The question, is this a medical need -- you’re still grappling with that?

Gad Riesenfeld - Pharmos - President, COO:

It is definitely a medical need, but it is not completely a mature product concept that can be the basis of NDA submission. So we are having intellectual, scientific assessment and brainstorming, and we shall conclude in a few months and come to conclusion.

Operator:

David Bouchey, RBC Capital Markets.

David Bouchey - RBC Capital Markets – Analyst:

Thanks, guys. The first question is for you, Jim. Could you tell me -- first, congratulations on getting rid of the last of that convertible debt. Could you tell me what your share outstanding count is now?

Jim Meer - Pharmos - SVP and CFO:

Share outstanding count now is approximately 95 million.

David Bouchey - RBC Capital Markets – Analyst:

All right. And on a -- if that were including all the options and warrants, what do you think that would be?

Jim Meer - Pharmos - SVP and CFO:

Well, that’s another, I think, 13 or 14 more.

David Bouchey - RBC Capital Markets – Analyst:

All right. And lastly, I haven’t seen any publication of the results of the dexanabinol Phase 3 in TBI yet.
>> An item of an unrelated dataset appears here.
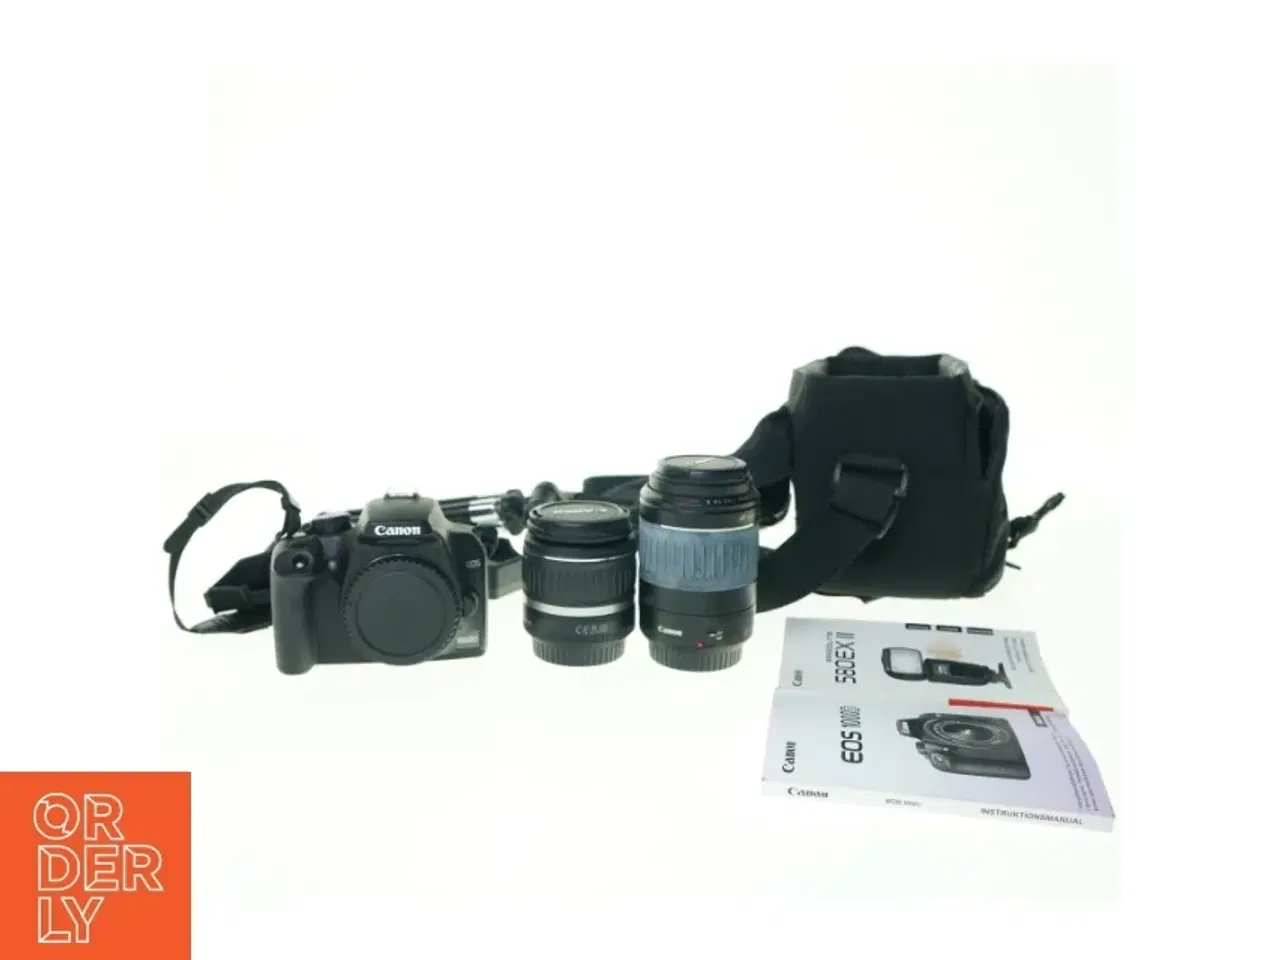 Billede 1 - Spejlreflekskamera EOS 1000D + 580EX II inkl. taske fra Canon (str. 12 x 10 cm)

Can you give us some color on when we might expect to see that data?

Gad Riesenfeld - Pharmos - President, COO:

Well, we have completed the analysis in collaboration with opinion leaders that were participating in the study. We are preparing the final version of the publication that will be presented in a couple of months in the conference, and obviously will be published worldwide via all the vehicles that we have. It is almost completed, but it relates to two other activities. Our collaboration with ABIC and EBIC, as well as harmonizing the timing of the factors with submission of the report to the FDA. This is almost ready, and will take another of couple of months to complete.

David Bouchey - RBC Capital Markets – Analyst:

So if you’re going to present the data at a conference, can you tell us what conference you’re targeting right now?
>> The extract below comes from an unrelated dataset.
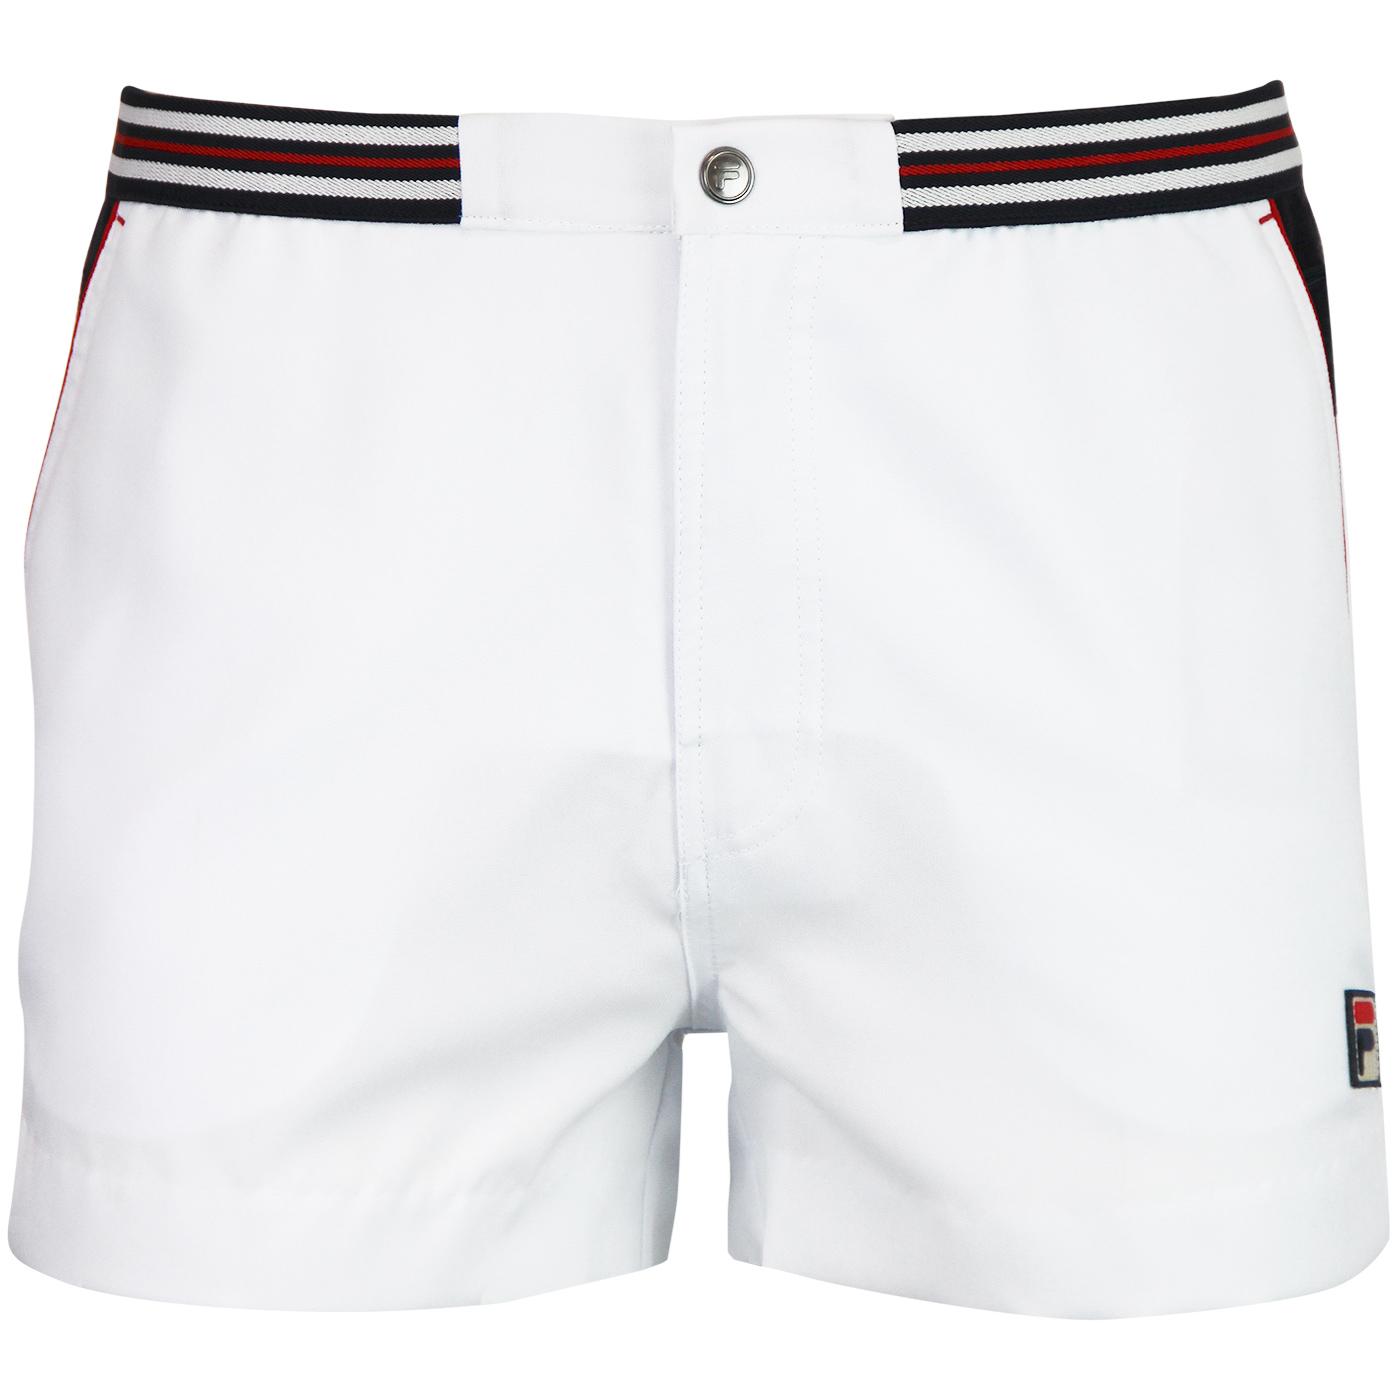 Hightide 4 Retro Tennis Shorts White

Gad Riesenfeld - Pharmos - President, COO:

I don’t have it in front of me; we have two conferences we are targeting. I will inform once the decision is made, as a result of the meeting of -- the final meeting of the still [inaudible] committee of the study that is planned in four weeks.

Operator:

[Operator Instructions]. Gentlemen, currently there are no further questions.
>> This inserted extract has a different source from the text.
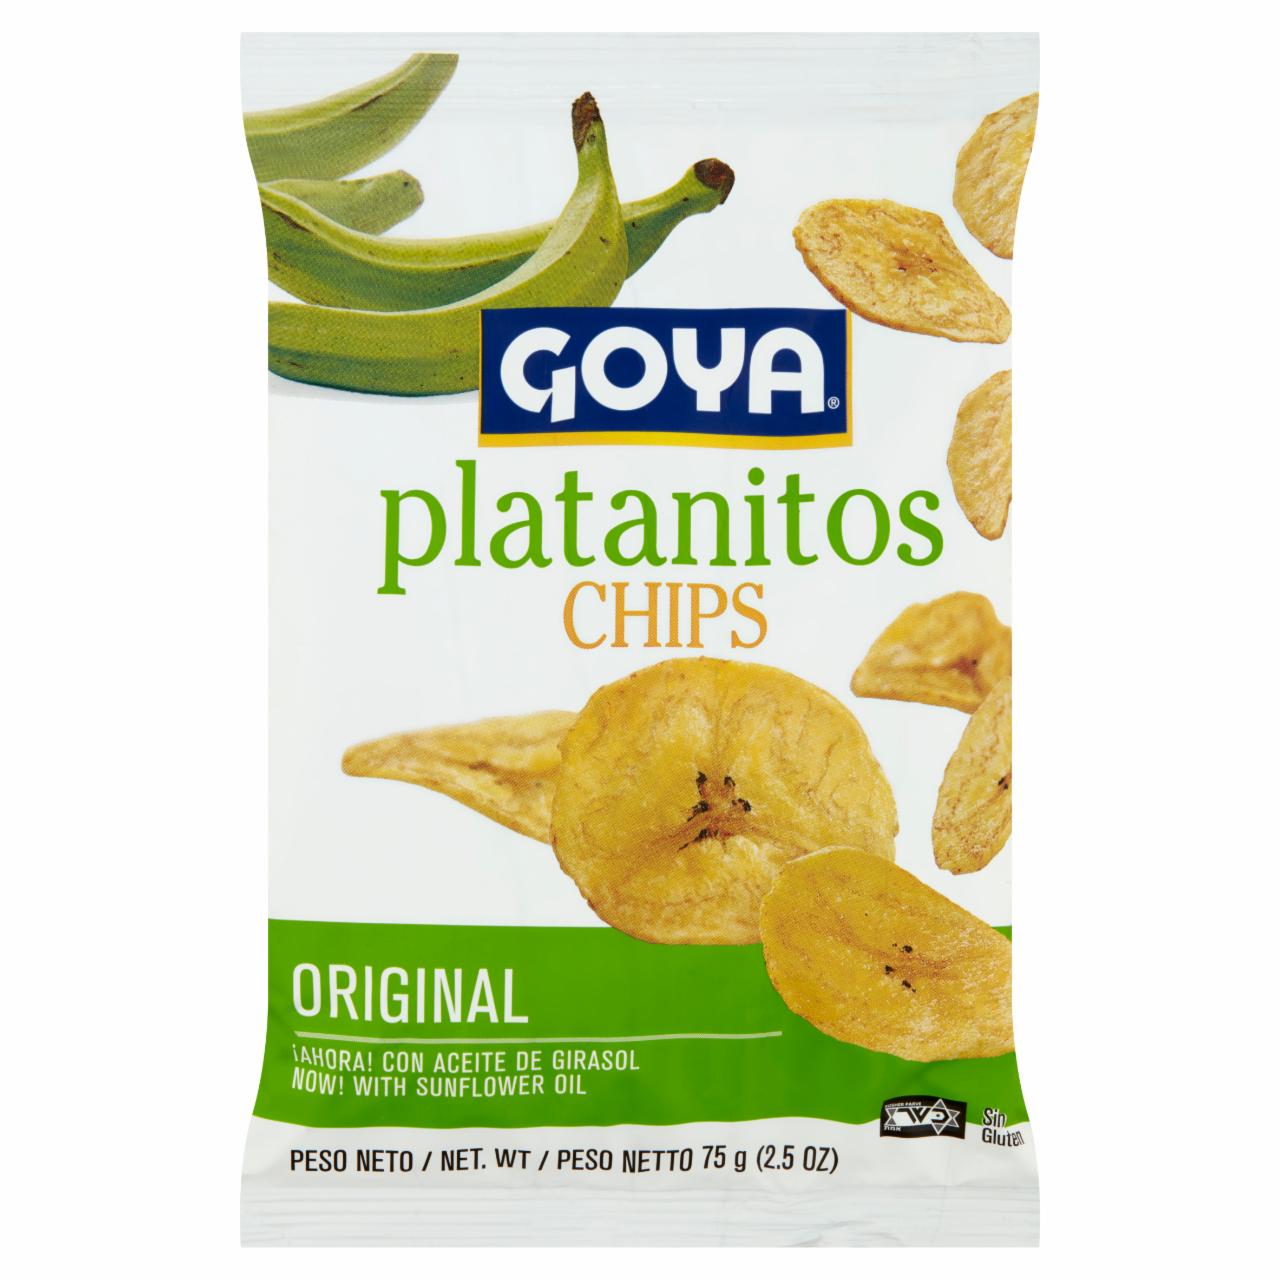 Képek - Goya sózott zöldbanán chips 75 g

Ray McKee - Pharmos - VP of IR and Corporate Development:

Okay, thank you.

Gad Riesenfeld - Pharmos - President, COO:

Well, if there are no other questions, before concluding the meeting, I want to say that Pharmos Company’s employees and, obviously, the management are committed to do research and development, to develop drugs and to move them towards an NDA and commercialization. We believe that we have the experience and the knowledge; we did that submitted alone and together we’ve filed those four NDAs that were approved. We think we have an exciting technology. We have good people, with Howard and Harrison [inaudible] even better. We have the determination and the commitment to maximize the value from the technology and the money and the knowledge experience that we have, including acquiring or licensing gear or finding any other business maneuver to expand our pipeline and to optimize the use of our resources in developing drugs and building value. And this is what we’re planning to do in the next couple of years, and this is why we are here. Yes, we suffered and we still feel the pressure of the TBI failure that we believe was an outstanding study. However, we did not demonstrate the efficacy. But we want to have the experience that we have, and the other resources and the good people that we have to help build value, to develop drugs. And we shall focus on this in a cost-saving mode, but not in a passive mode, in a very aggressive and creative mode to rebuild value and to take this company to the next generation of biotechnology pharmaceutical entity with prestige and success. So this is what we want to do, and we shall do the best that we can in order to get there. It will take some time. Thank you.

Ray McKee - Pharmos - VP of IR and Corporate Development:

Thank you very much.

Operator:

Ladies and gentlemen, the conference has ended. You may now disconnect your lines.